説教題:『権威ある者の教え』 聖書箇所:マルコによる福音書 1章21節~28節 説教日:2022年5月22日・復活節第六主日 説教:大石 茉莉 伝道師

■はじめに

一行はカファルナウムに着いた。一行といいますのは、主イエス、そして漁師から召されて弟子となったシモン、アンデレ、ヤコブ、ヨハネです。そしてカファルナウムというのは、ガリラヤ湖の北岸にある町です。別の聖書ではカペナウムと訳されているものもあります。オリーブの絞り器やひきうすなどが生産されていたようですが、漁業が主な産業でありました。そしてエジプトとシリアを結ぶ主要な貿易ルート上にありました。この時代は、ローマ兵が税金を強制的に集めており、この地にはいわば税関出張所が置かれていたようです。そのような情報だけでも活気のある街だということがわかります。繫栄した、富に満ちた町であるのと同時に、罪と堕落に満ちた町でもありました。

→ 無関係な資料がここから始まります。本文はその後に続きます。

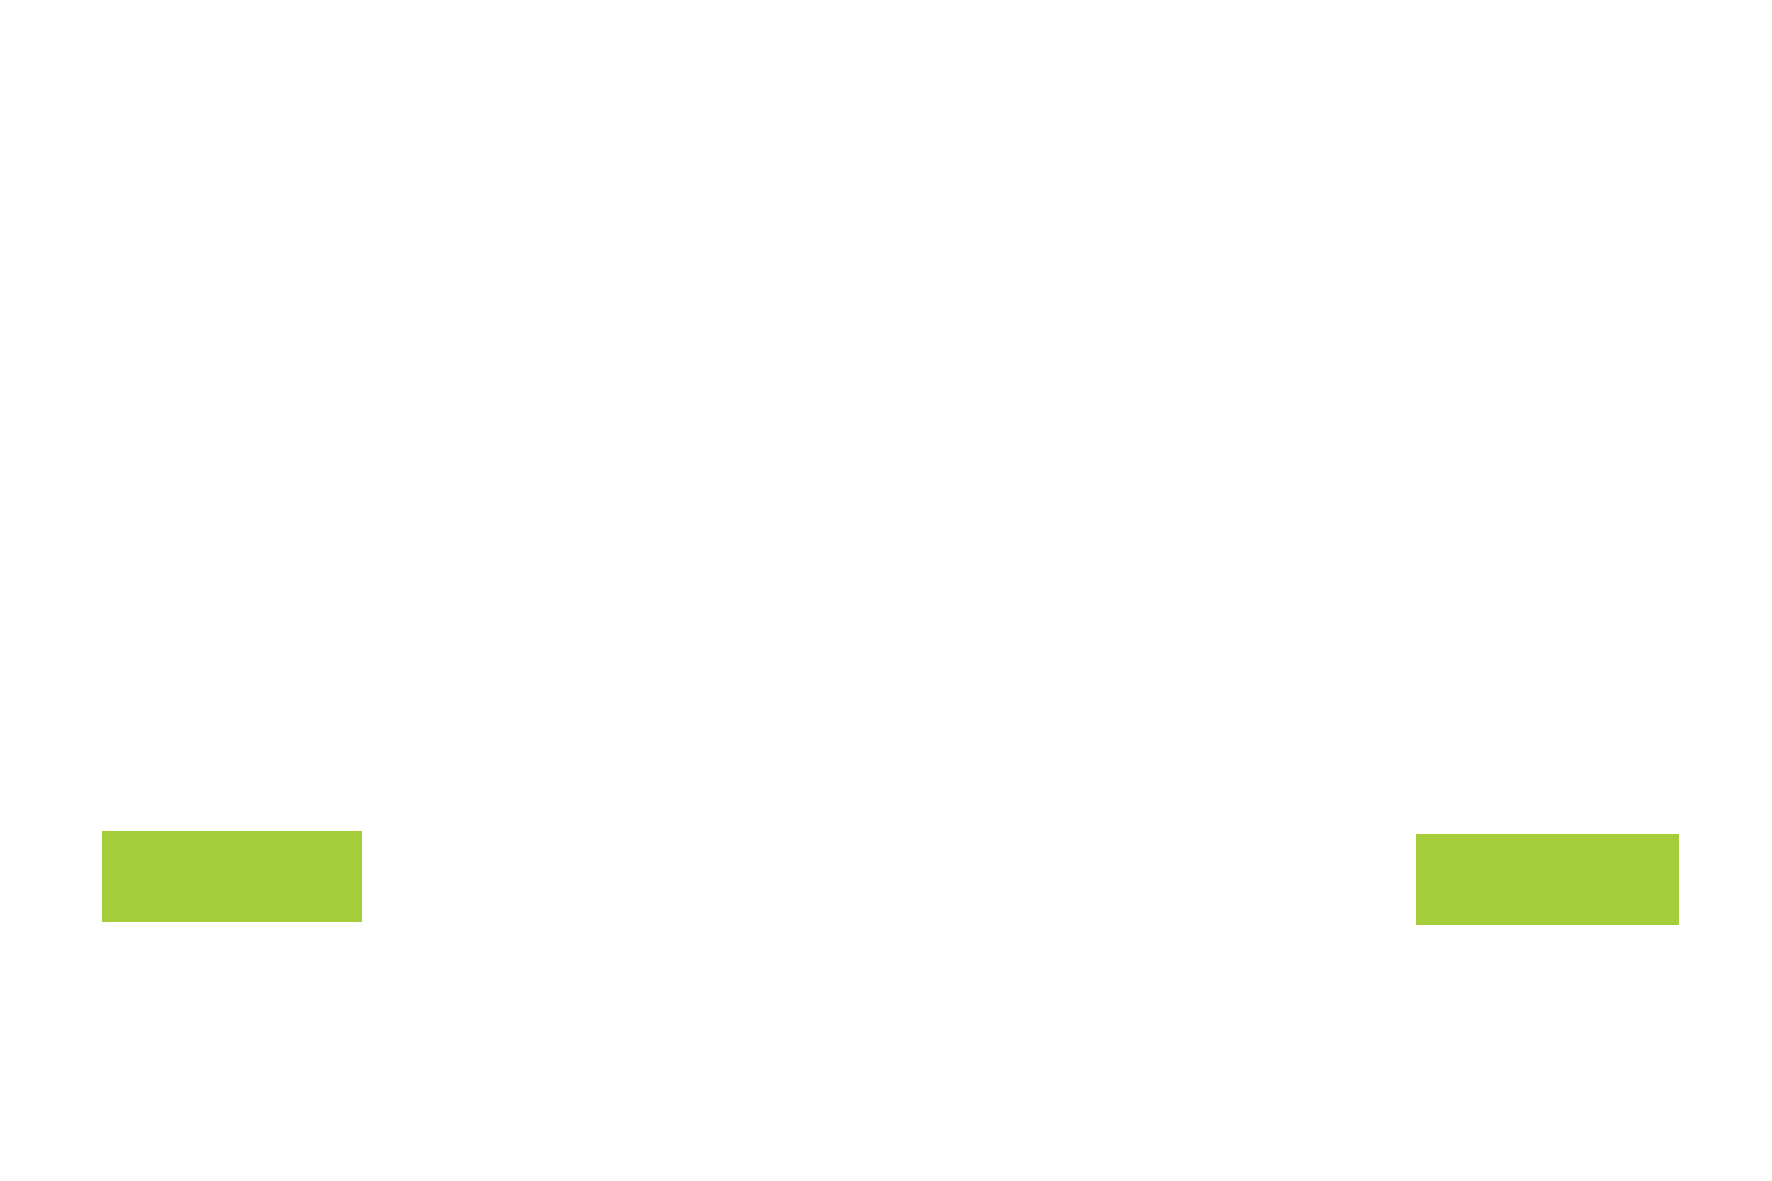 logo METbodyzone

ローマ軍の部隊基地でありましたから、ローマ帝国中から異教徒のさまざまな影響が広がっていたのです。主イエスが神の御国の福音を、ユダヤ人、異教徒、両方にお語りになるには、申し分ない場所でありました。主イエスはそのような地から宣教を始められたのです。


■安息日

「イエスは安息日に会堂に入って教え始められた。」原文では、「そしてすぐに」という言葉で始まっています。口語訳聖書では、「そして安息日にすぐ」と訳されています。この「すぐに」という言葉はマルコによる福音書では、前にも少しお話しましたが、特別な意味を持っています。15節にあるように、「時は満ち、神の国は近づいた」からです。ですから、「のんびりしている時間はない」「すぐに」「すぐに」とマルコは話の先を急ぐのです。主イエスは4人の漁師を弟子として連れてカファルナウムに入られて、そして「すぐに」伝道を始められたのです。「悔い改めて福音を信じなさい」そのことを一刻も早く人々に伝えようとされる主イエスのお姿は、この「すぐに」という言葉に示されています。

主イエスはカファルナウムに着いた後の安息日に会堂で語られました。会堂というのは、元々は「集まり」という意味の言葉で、ユダヤ人が集会をする場所であり、シナゴーグと今も呼ばれています。当時、ユダヤ人は安息日にはそのような集まりをもって、聖書、(旧約聖書)を学んでいました。特に、その中でも律法と呼ばれる箇所について、律法学者から教えを聞くというのが常でありました。エルサレム神殿が崩壊してからは、ユダヤ人たちにとっては、そのような集会が神を礼拝する場となったのです。このユダヤ人たちの安息日の集会が、現在の私たちキリスト教会の日曜主日礼拝の起源ともなっています。


■権威ある者

「人々はその教えに非常に驚いた。律法学者のようにではなく、権威ある者として教えになったからである。」今日の聖書箇所はそのように告げています。「権威ある者として教える」主イエスがなさった教えに人々が非常に驚く、何がどう違うのでしょうか?権威ある者とはどのようなことを言うのでしょうか?

律法学者たちはどのように教えていたのでしょうか。律法学者、今でいえば、法学者ということになるのでしょう。専門的な知識を土台として、律法を守って生活するにはこのようにしなさいと教えていました。律法を解釈し、応用して、人々の迷いを解消し、日々の生活の中で、律法を守って過ごせるようアドバイスをする専門家でありました。彼らは律法を正しく教えていました。現代でも、裁判官や弁護士など、法に携わる人の言葉は権威ある者の言葉と捉えられることは多いでしょう。まさにそのように、おそらく当時は今以上にユダヤの人々は律法学者から教えを聞いていたのです。律法に根ざし、正しい解釈が語られていたわけですから、彼らの教えも権威あるものでありました。

しかし、その権威は彼ら自身の権威ではありません。彼ら自身に権威があるわけではないのです。律法学者たちは、律法にこのように書かれているから、聖書にこう書かれているから、ということを根拠として語りました。つまり、ここで権威があるのは彼らではなく、聖書に権威があるのです。主イエスはそうではありません。主イエスはご自身が権威を持っているお方なのです。「時は満ち、神の国は近づいた。」と宣言されました。神の救いの御業が新しく始まったことを人々に告げたのです。主イエスがそのはじまりなのですから、聖書を根拠としているわけではないのです。「悔い改めて福音を信じなさい。」というお言葉も、「時は満ち、神の国は近づいた。」という宣言に基づいています。主イエスは神の独り子としての権威を持っているお方として語られました。人々はそれを理解し、こんな教えは今まで聞いたことがない、と驚いたのです。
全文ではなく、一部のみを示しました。